Looks like the tire's sidewall will be 0.3" taller, which means over 0.5" taller overall.
http://www.miata.net/garage/tirecalc.html


----------



## jason bouchard (Aug 25, 2005)

*FV-QR*

hmm well thats prob gonna look horrible


----------



## jbrehm (May 16, 2006)

*Re: FV-QR (jason bouchard)*

Are Fat Fives 8" wide? If they are I would say you should consider getting the 245's. 0.6" in overall diameter won't be too crazy . When I had my MKIV Golf, I had 225/45/18 rather than stock-size 225/40/18 so my overall diameter was 0.9" larger - it gave me some extra cushioning that I wanted for my city's deplorable road conditions, and it looked perfect!
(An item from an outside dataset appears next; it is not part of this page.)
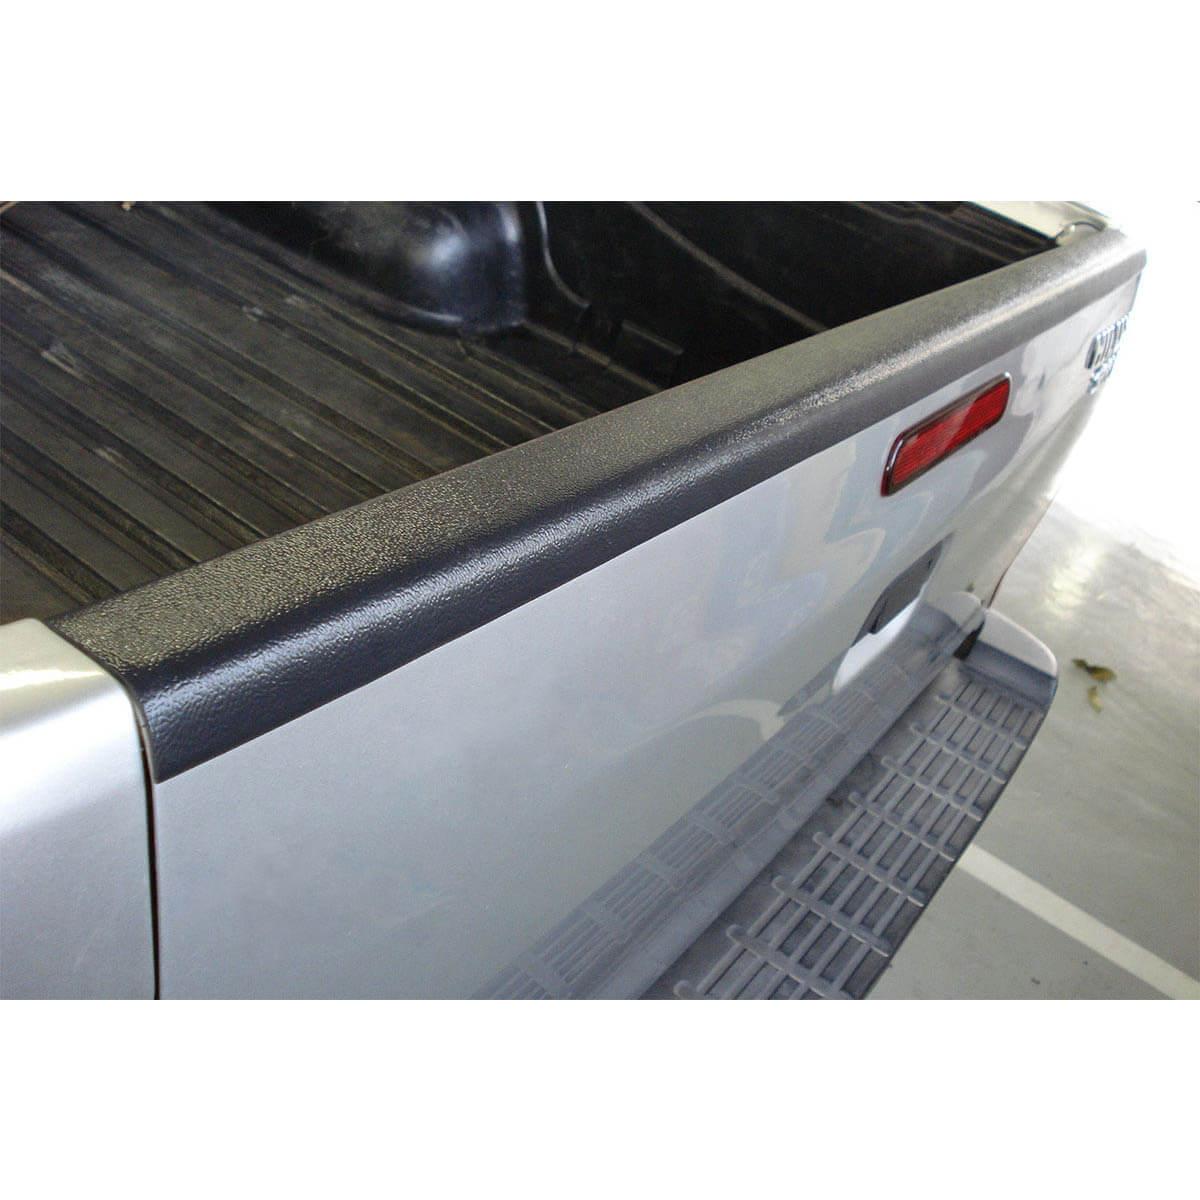 Protetor borda tampa caçamba Bepo Nova S10 cabine dupla 2012 a 2018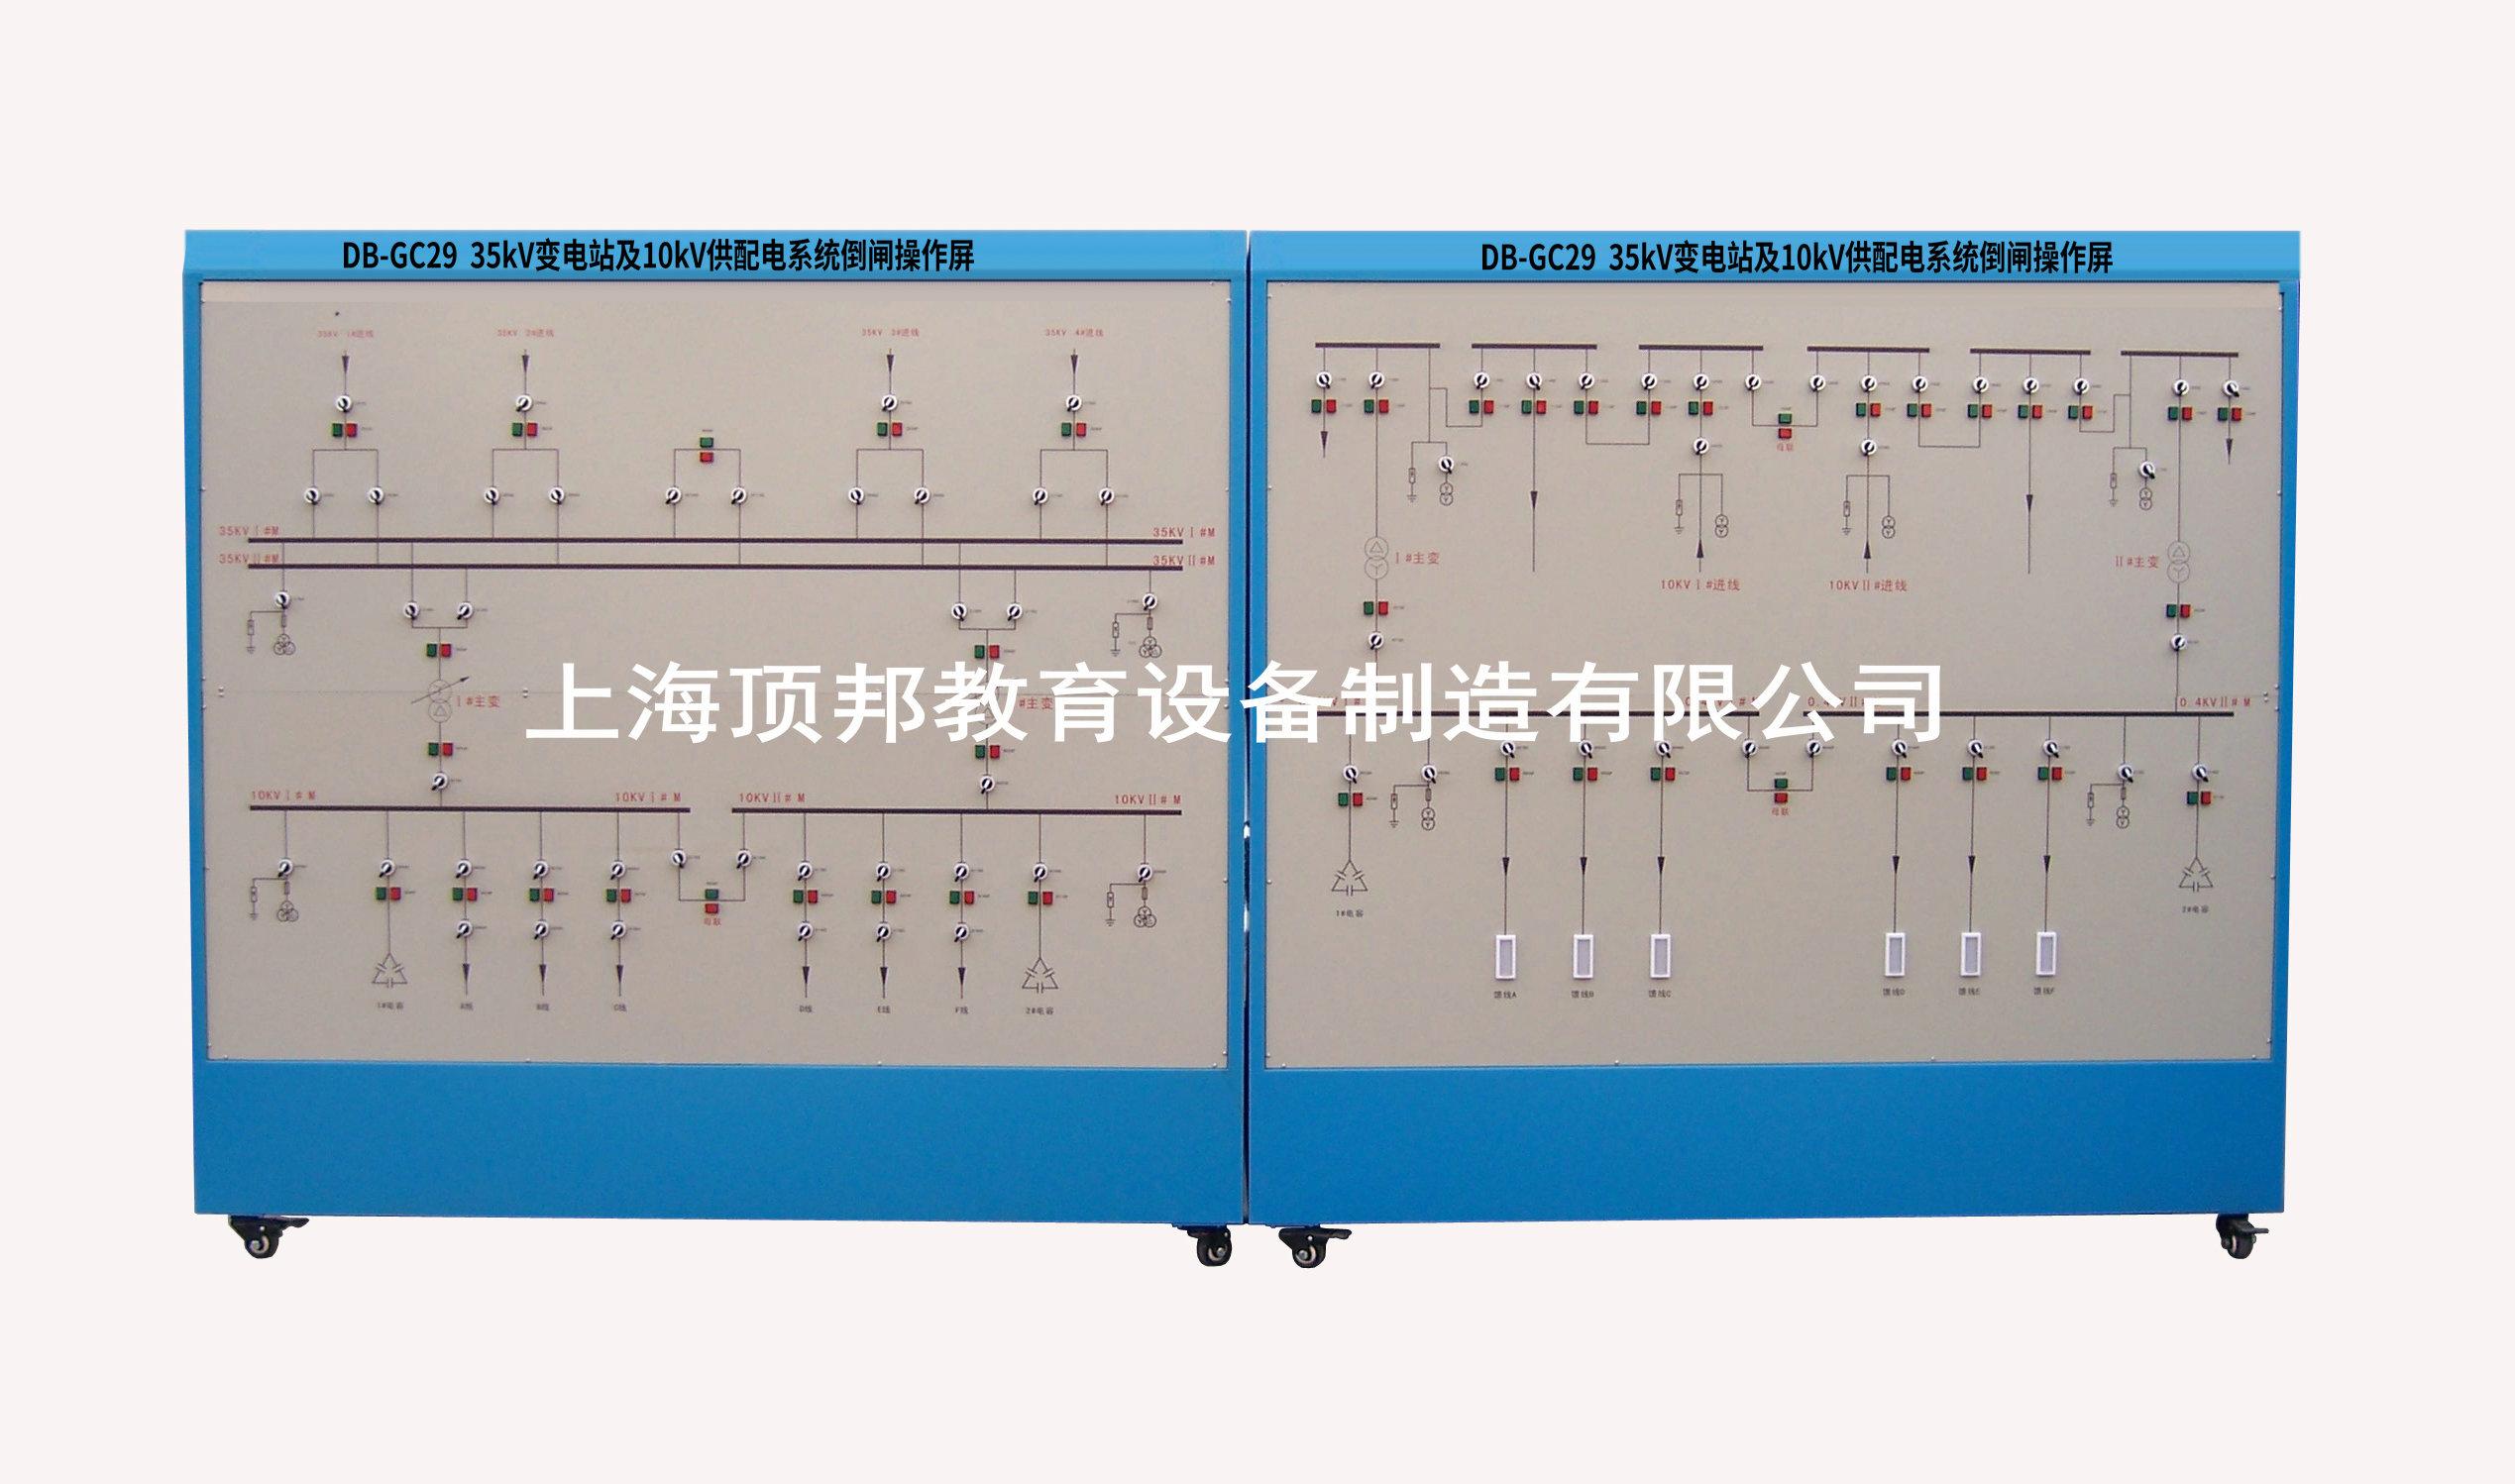 35kV变电站及10kV供配电系统倒闸操作屏

It actually looked much better than stock and it filled out the wheel wells more. I don't how it would look on a TT, but 0.6" won't create too drastic of an effect.
You might want to look into how the change in tire circumference will affect the Haldex engagement, though. It should just take a fraction of a second longer for the Haldex to kick in; and, by fraction, I mean something a human won't be able to detect (I'm too lazy to do the math right now








). Obviously your speedo will read a little slow (about 2.5%) and your gearing will be slightly taller, which the 6-speed could use anyway.


----------



## [email protected] (Apr 25, 2007)

*Re: will it fit: tires 245/45/17 RE01R on a STOCK Audit TT Q (jason bouchard)*

Fat 5's are 7.5" wide. I run a 235/40/17, 245/45 would be BALLONS. lol


----------



## jason bouchard (Aug 25, 2005)

*Re: will it fit: tires 245/45/17 RE01R on a STOCK Audit TT Q ([email protected])*


_Quote, originally posted by *[email protected]* »_Fat 5's are 7.5" wide. I run a 235/40/17, 245/45 would be BALLONS. lol 

haha, got any pics ? and what wheels do you run them on ?


----------



## [email protected] (Apr 25, 2007)

*Re: will it fit: tires 245/45/17 RE01R on a STOCK Audit TT Q (jason bouchard)*

They're on fat 5's.
















I never said they were on a TT.


----------



## jason bouchard (Aug 25, 2005)

*FV-QR*

hmm see i think that looks fine, i wonder how much more they will stick out ? i wonder if i can get away with it. 
Thx


----------



## jbrehm (May 16, 2006)

*Re: FV-QR (jason bouchard)*

5mm more on each side. 245's _will_ fit on a 7.5" wheel, but it's definitely not ideal. I would pass and find a 225 tire. You should be able to get some Azenis for not much more than the RE-01R sale price.


----------



## jason bouchard (Aug 25, 2005)

*FV-QR*

i measured it and the diff of the stock tire and the new tire is about an inch in width on the tread side and less on the inner side. i think i still may go with it
azenis 615( the ONLY good azenis out) are like over 110 each and these bridgestones i actually got for free some how. 
i am partial to the azenis 615's though they are wonderful and ive used them on my last 2 race cars.


----------